General Electric profits fall, backlog hits record

US conglomerate General Electric reported Friday a sharp profit fall in the second quarter but kept its full-year outlook as a backlog of orders reached a record high.

GE posted $3.1 billion net earnings for the second quarter, down 18 percent from the same period a year ago but beating Wall Street expectations.

Earnings per share of 38 cents were one cent higher than the average market estimate.

Revenues, up 2 percent at $36.5 billion, were hit by unfavorable foreign-exchange rates and further shrinkage of the company's GE Capital business, the unit that battered earnings during the 2008-2009 financial crisis, the company said.

Revenues slightly missed expectations of $36.8 billion.

The multinational, seen as a bellwether of the world economy with businesses including aircraft engines, wind turbines, energy, home appliances and finance, said its industrial segment revenues jumped 9 percent to $25 billion.

"Today's results demonstrate that we are executing on our growth strategy in the midst of a still volatile global economy," GE chairman and chief executive Jeff Immelt said in a statement.

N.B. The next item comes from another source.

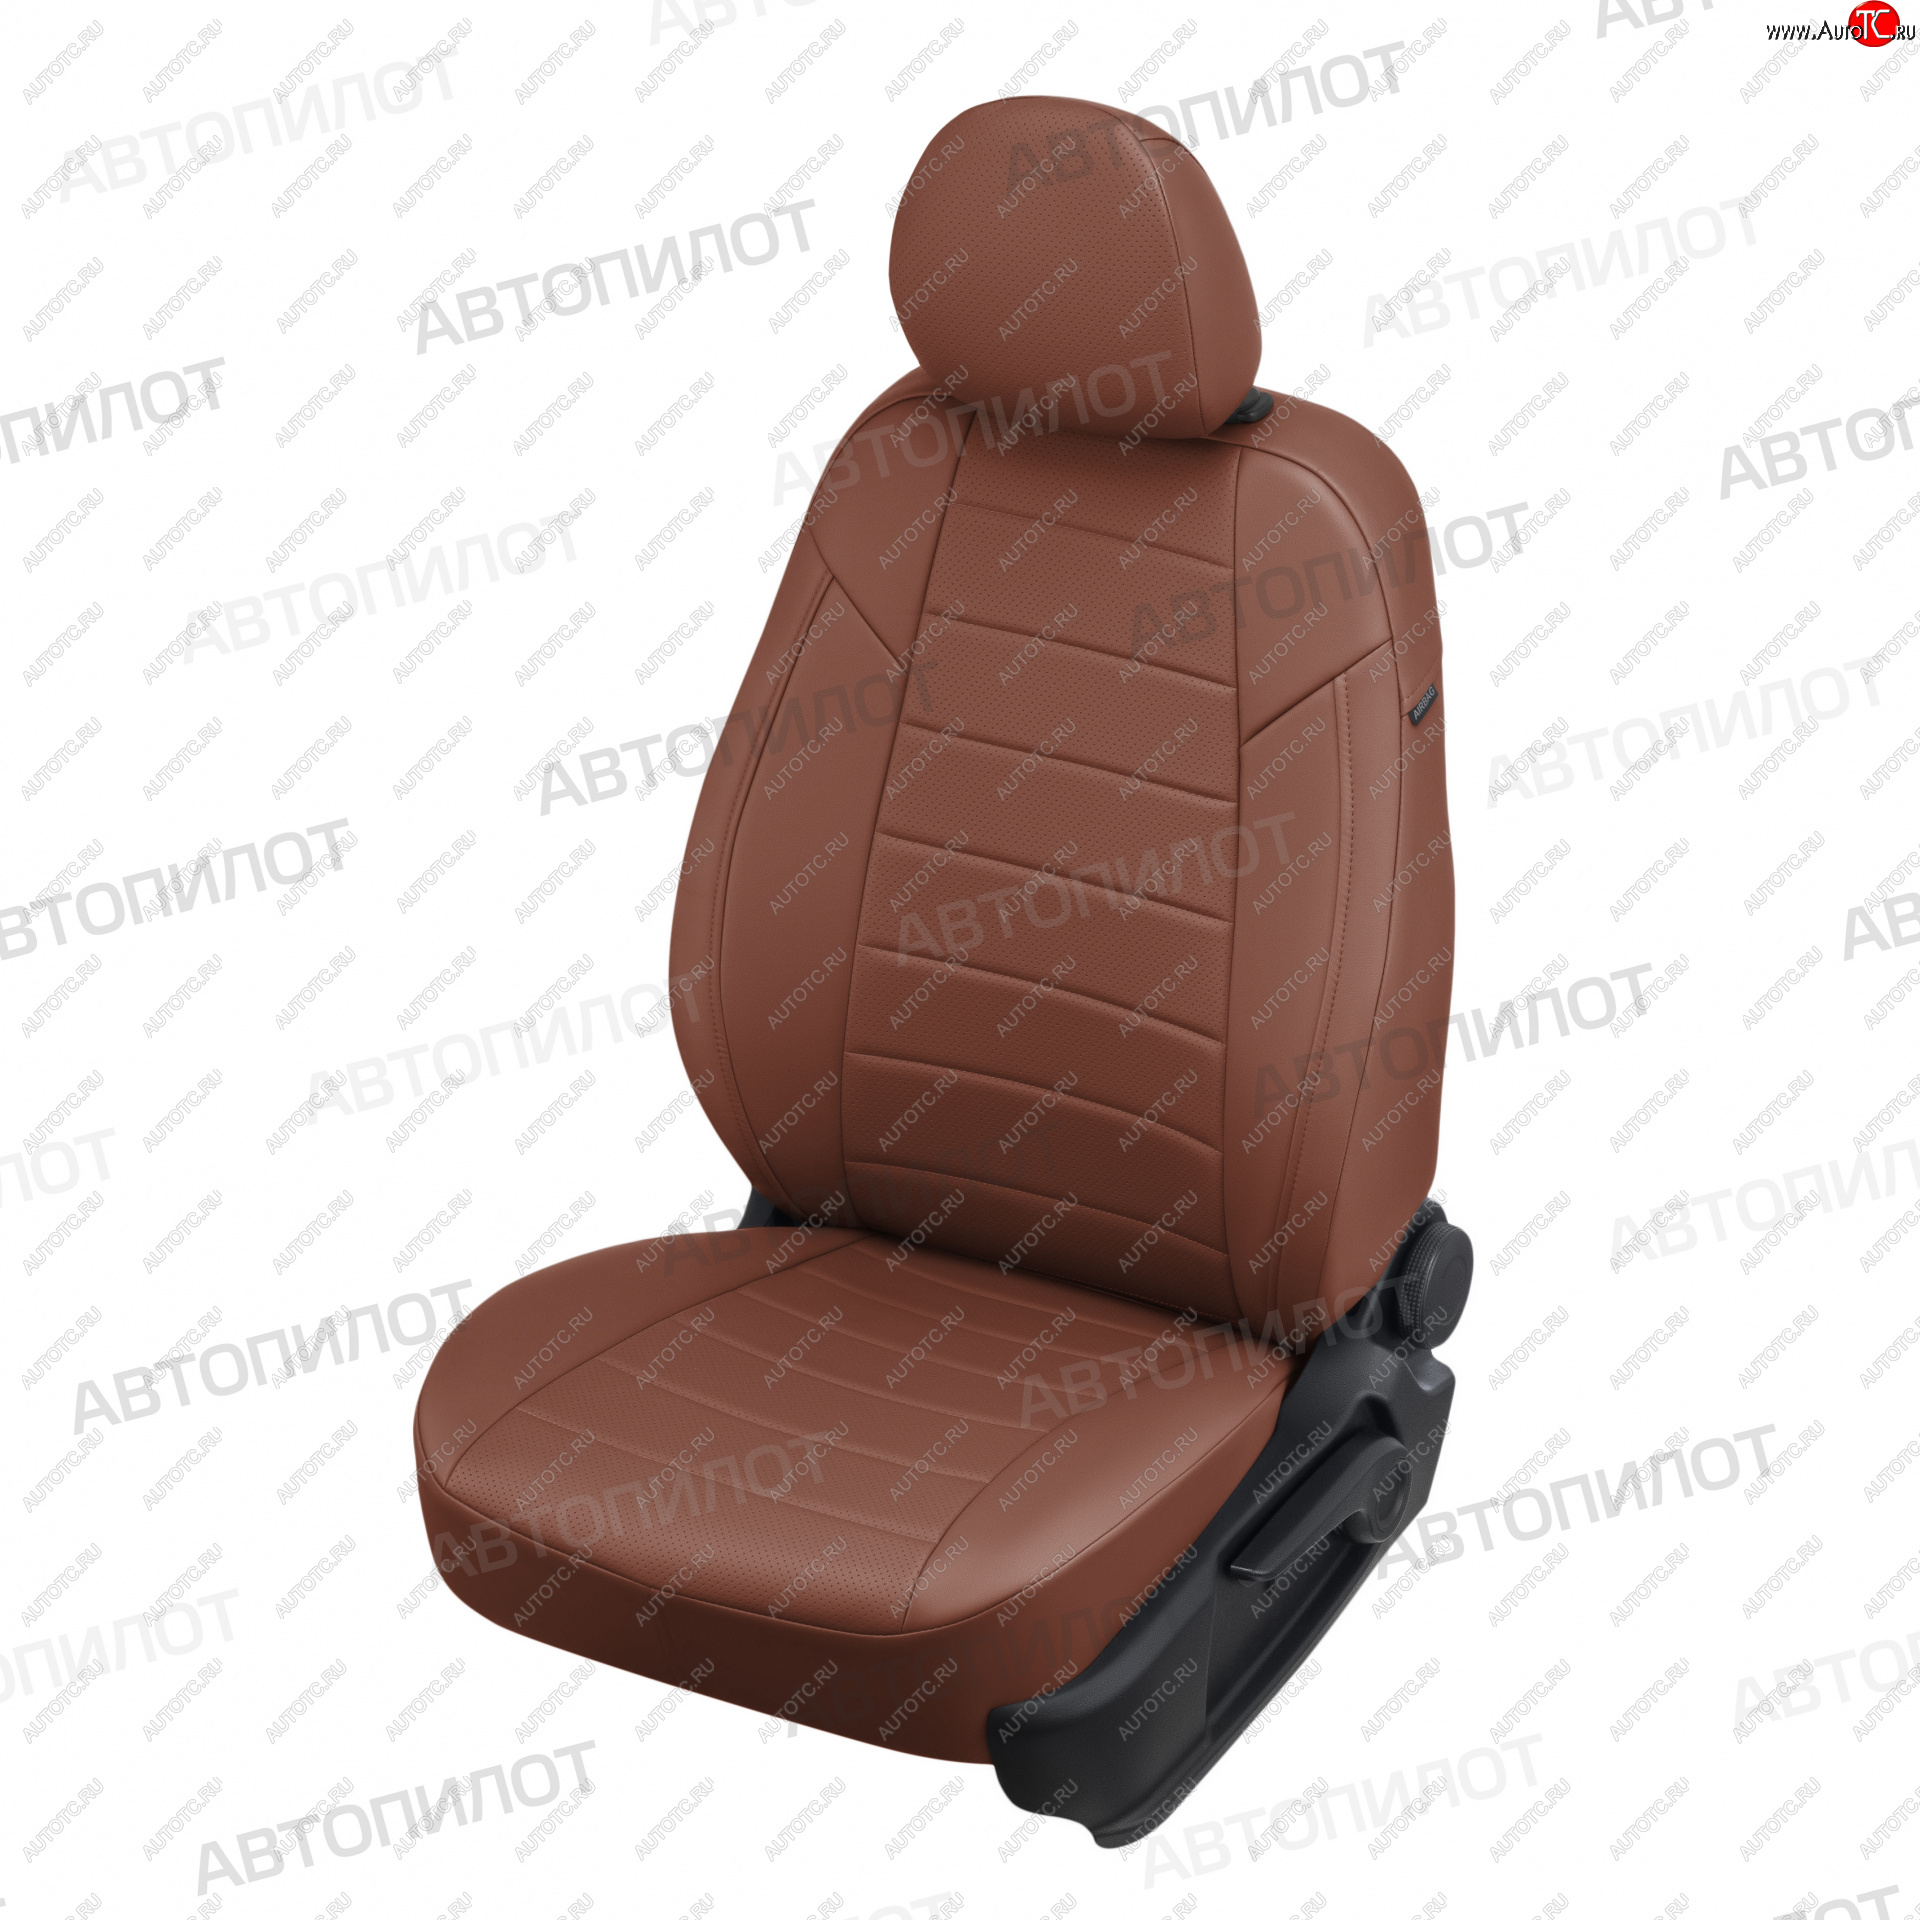 13 449 р. Чехлы сидений (экокожа, 50/50) Автопилот  KIA Sportage  1 JA (1993-2006) (коричневый)

"Our industrial segments delivered another quarter of double-digit organic revenue growth. Our strategy to invest in growth markets is paying off, as we achieved orders expansion in growth markets of 14 percent and revenue growth of 17 percent," he said.

In growth markets, revenues jumped 17 percent, driven by double-digit growth in Australia, Canada, China, Latin America, the Middle East/North Africa, Southeast Asia and Russia.

GE said it ended the quarter with a record backlog of $204 billion.

The Fairfield, Connecticut-based company's cash pile was $74 billion.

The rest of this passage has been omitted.